A Philosophy of Inclusion

The family meets the cost through a combination of its home business, which is helping disabled adults live independently, with government funding they receive for some of their sons. But what truly unites the family is the philosophy of inclusion. "We really believe in having our kids fully included in their schools and in their communities," Ann Silcock said. "We really try to shy away from activities that involve all people with disabilities, and even though our kids all do have disabilities, either cognitive, physical or behavioral, we try to get them around their typical peers. We feel that that's really beneficial, that our children learn best when they're around children modeling the behaviors and the social skills that we would like to see our children have."

Some people ask if they're worried about whether the children will get teased.

"We really call that sort of dignity of risk, and, you know, we want to make sure that our children have opportunities," Ann Silcock said. "Sometimes that does involve risk, but all people take risks, and we don't want to overprotect our children. We want them out there."

Some of the children they took in couldn't walk, talk or feed themselves when they joined the family.

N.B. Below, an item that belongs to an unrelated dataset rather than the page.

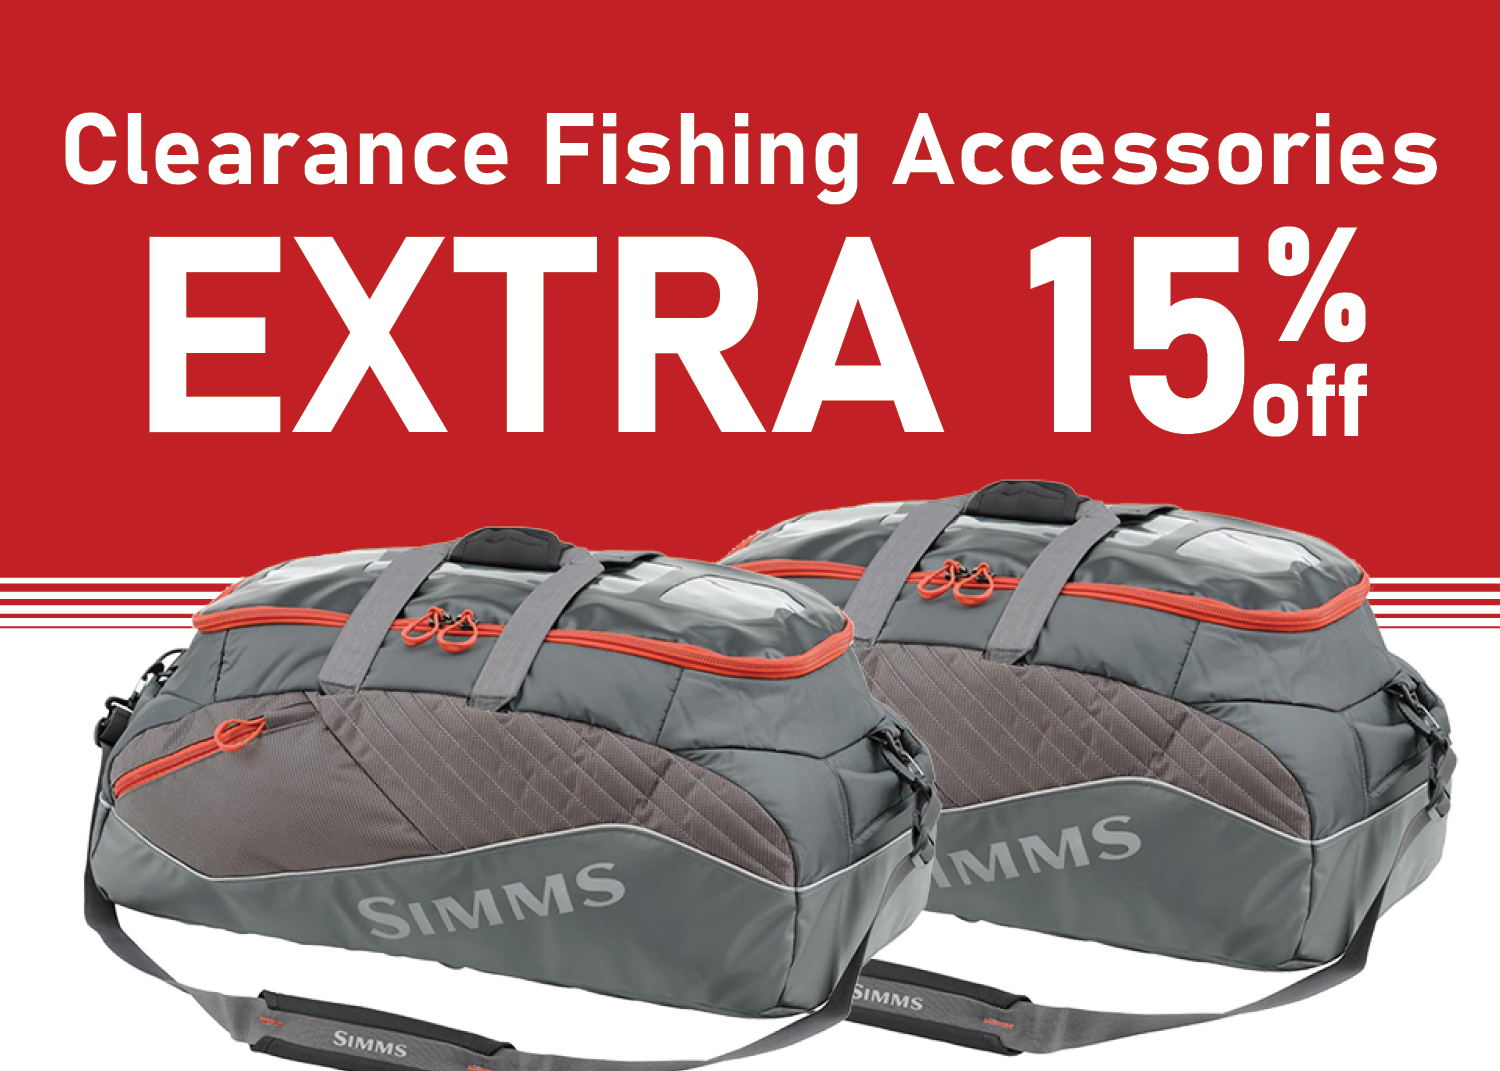 Save an EXTRA 15% on Clearance Fishing Accessories

"Now they're in karate and they're a green belt, and I don't think that would have happened if we hadn't put him out there, had some expectations, let him fall down, let him have some failures, but, you know, kept encouraging him to try again," Ann Silcock said.

They measure success through the grace of each challenge. One day, Jonathan, 18, helped with dinner, to his parents' delight.

"Yeah, I made it and look at all these," Jonathan said, showing off his handiwork. "Dad, can we serve this bread with the hamburgers?"

‘We’re a Family’

Ann still gets goosebumps as she watches the children change.

"It's as exciting today as it was for me when I started 20 years ago," she said.

It is exciting for their children, too, who understand that their parents are a little out of the ordinary. "I think my dad and my mom raised a lot of heart for us to get us out of other states or any of that," said Alim, 10. "I think they used their hearts to do all of that."

Anthony agreed.

"I love being in this family because I know I have other brothers to talk to, a mom and a dad to talk to about problems," Anthony said. "Basically I have a mom and dad, and stuff that I never had before. Right now, we are a family."